October 31, 2001
Just go here.

Just go here.

People who are viewed as

People who are viewed as intellectually enlightened and informed are increasingly adopting the fanatical view that this conflict needs to become (or is already) a religious war.  The sane moderates maintain in a tragically diminishing voice that this is a political conflict masquerading as a spiritual imperative.  Not to diminish the extremity of the horrors which have occured, but unfortunately, framing this conflict as a merely political one offers only mundane, pedestrian benefits to the powerful elite compared to what they can gain through exploiting the frenzied hysteria of a patriotic American fatwa. 


Who will our Mohammed be?  FDR?  Lincoln?  Washington?  John Adams.  Benjamin Franklin?  George Mohammed Walker Bush?  And when it is all over how will we account for ourselves?  Will we bother to examine our collective conscience then?  Will we feel any need at all to do so? 


We are revealing our true selves as individuals and defining our nation by our response to this attack.  I daresay we are a nation of courageous individuals who, over the last thirty years, have abdicated arguably the greatest democracy (certainly the most powerful democracy) of all time, turning it over to an oligarchy of rich, mostly white, men who are using this crisis for their own narrow, selfish purposes.  They are the real fifth column in any battle brought today by true patriots and defenders of freedom. 

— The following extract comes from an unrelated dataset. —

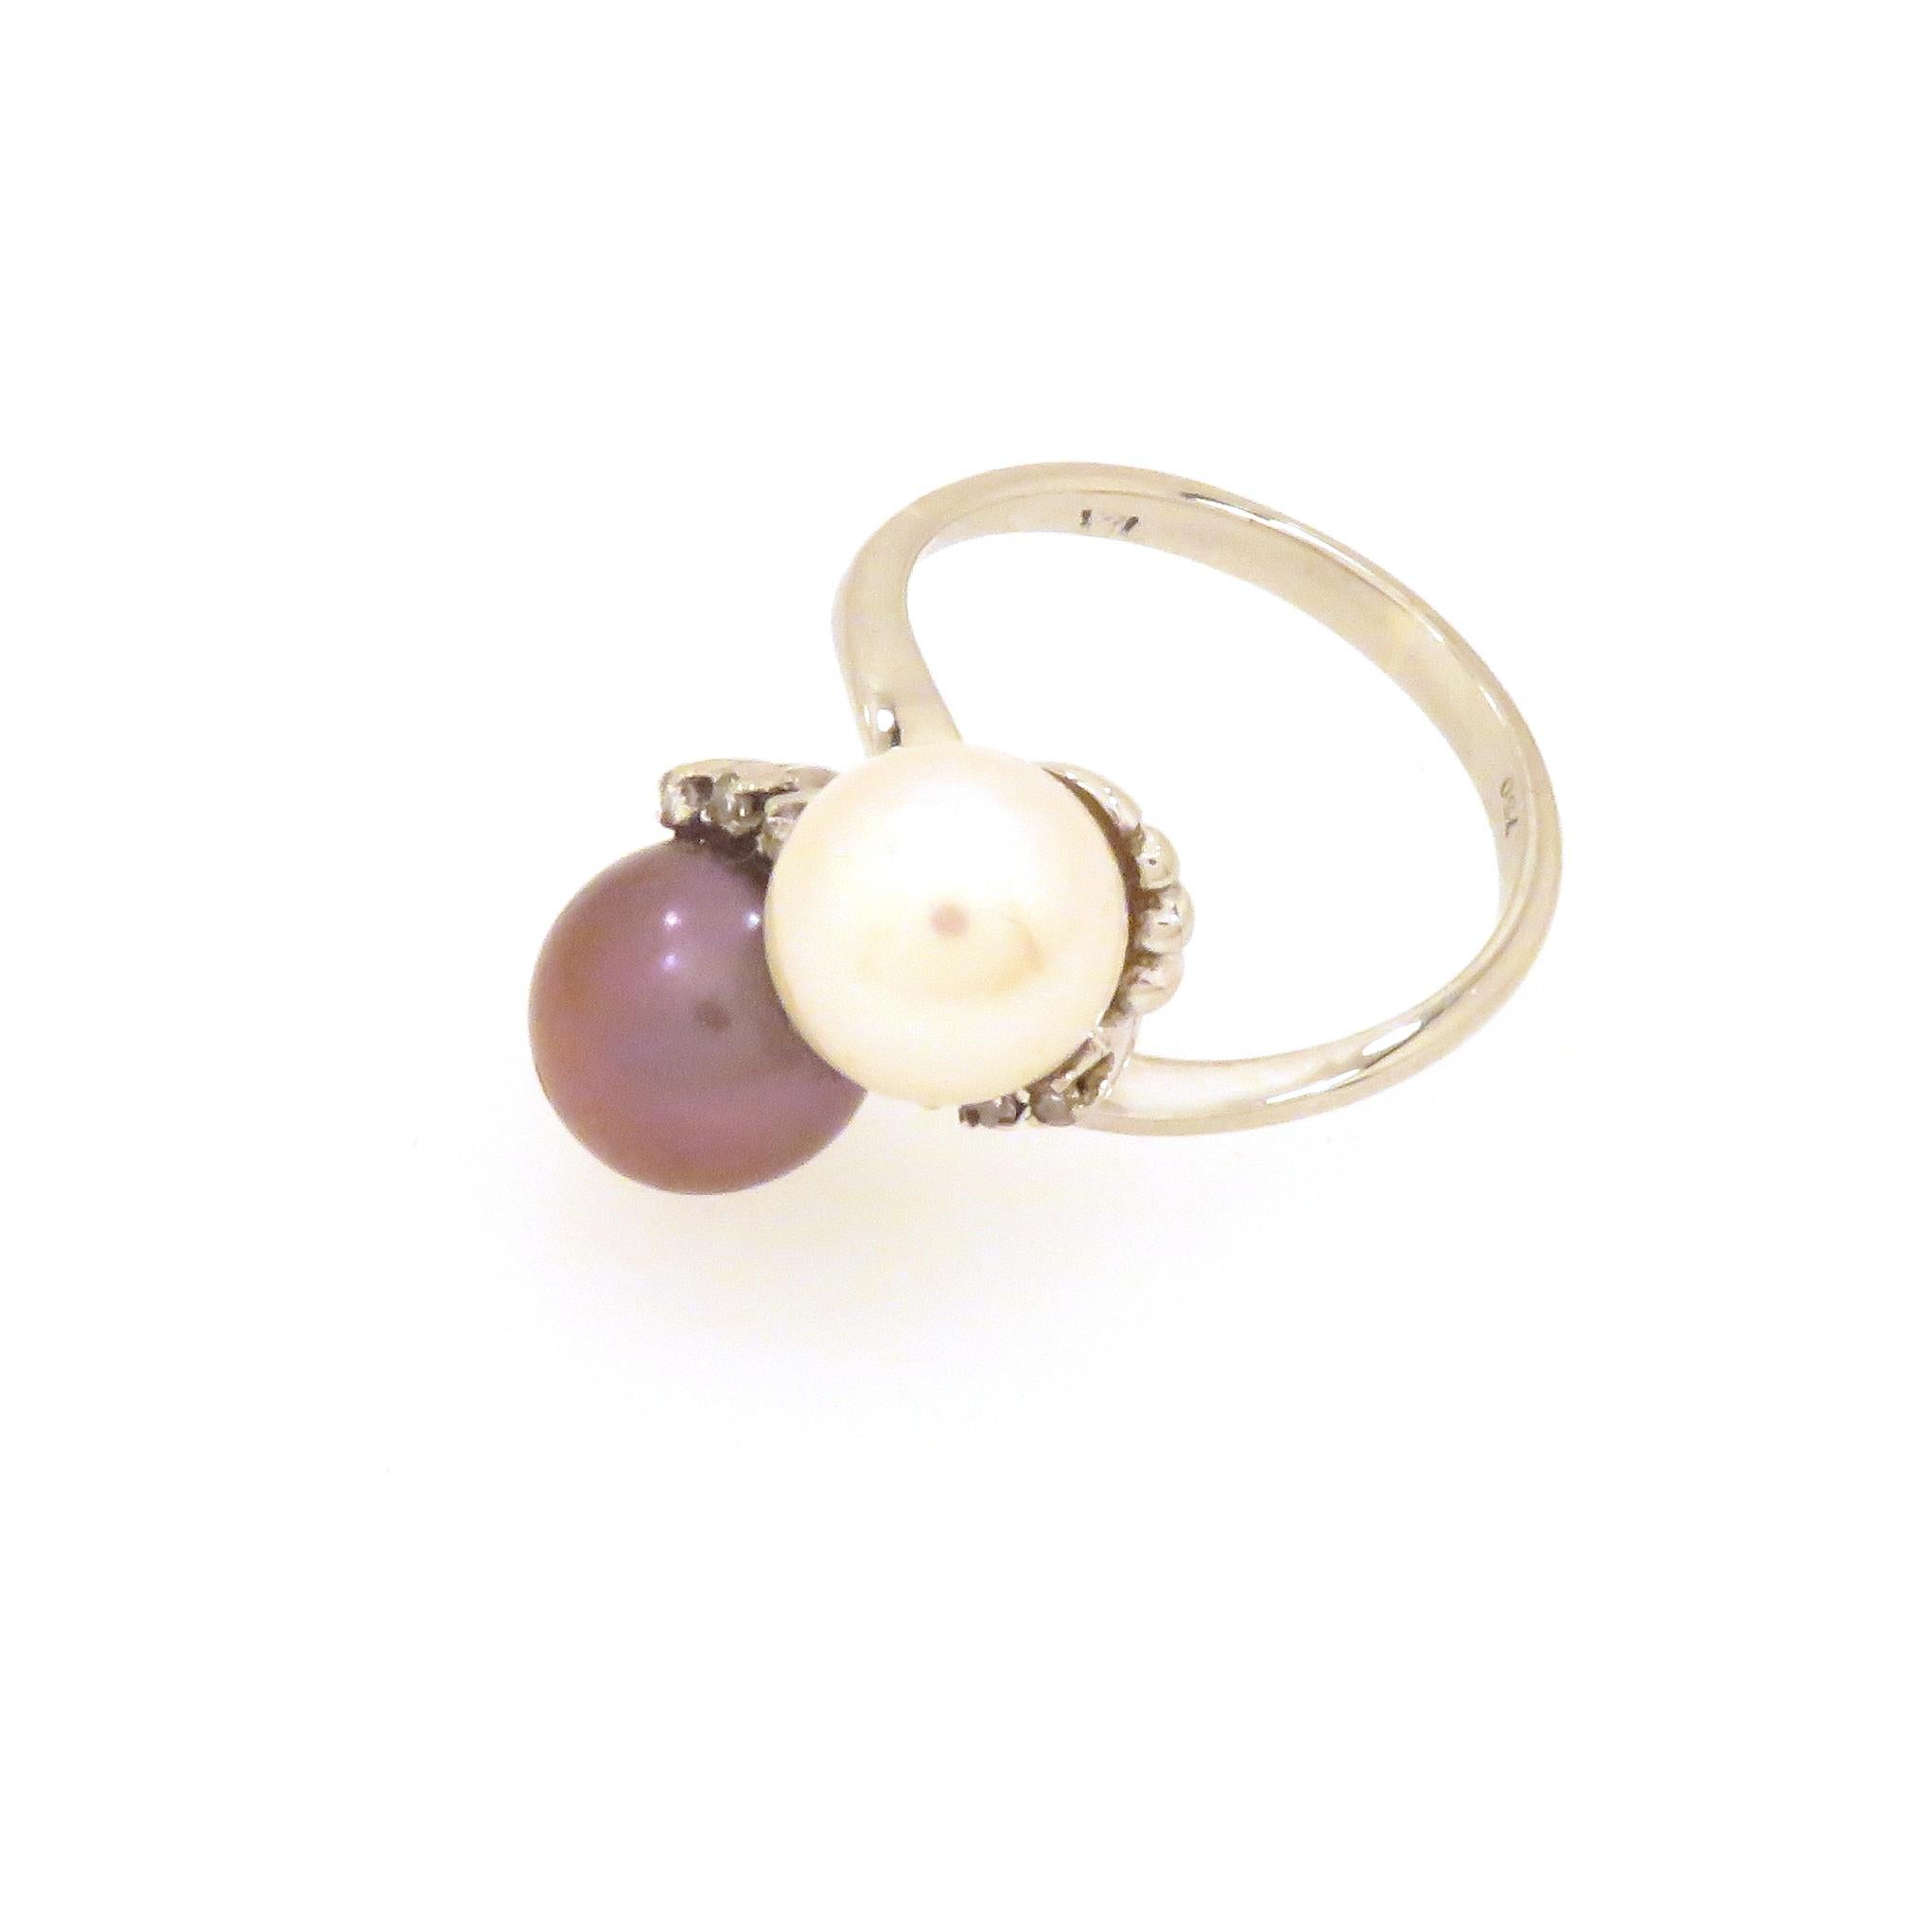 Brilliant Cut Diamonds Pearls 18 Karat White Gold Vintage Ring Handcrafted in Italy For Sale

Freedom is not a prize to be awarded to either 'us' or 'them'.  Ideally, freedom tolerates no imposed distinction; there is no 'them', only us.  There will always be those who seek rebellion against society and who repudiate the inclusiveness of freedom.  The danger is to adopt their destructive view as our own, to descend into their brand of hatred and to adopt their posture of judgementalism, thus becoming not defenders of freedom's high ideals, but the petty custodians of some cheap imitation of freedom.  Let whatever distinctions there may be, be only the distinctions which others have chosen for themselves.  Let us not lose our grip on this precious gift of freedom in the tears of our grief, nor in the fever of our just rage. 


It is, least of all, a nation we defend; much more we defend the ideal of a free and open society which can exist anywhere but which, for a couple centuries now and to our great good fortune, has chosen to exist in America.  We are blessed.  Let's not blow it.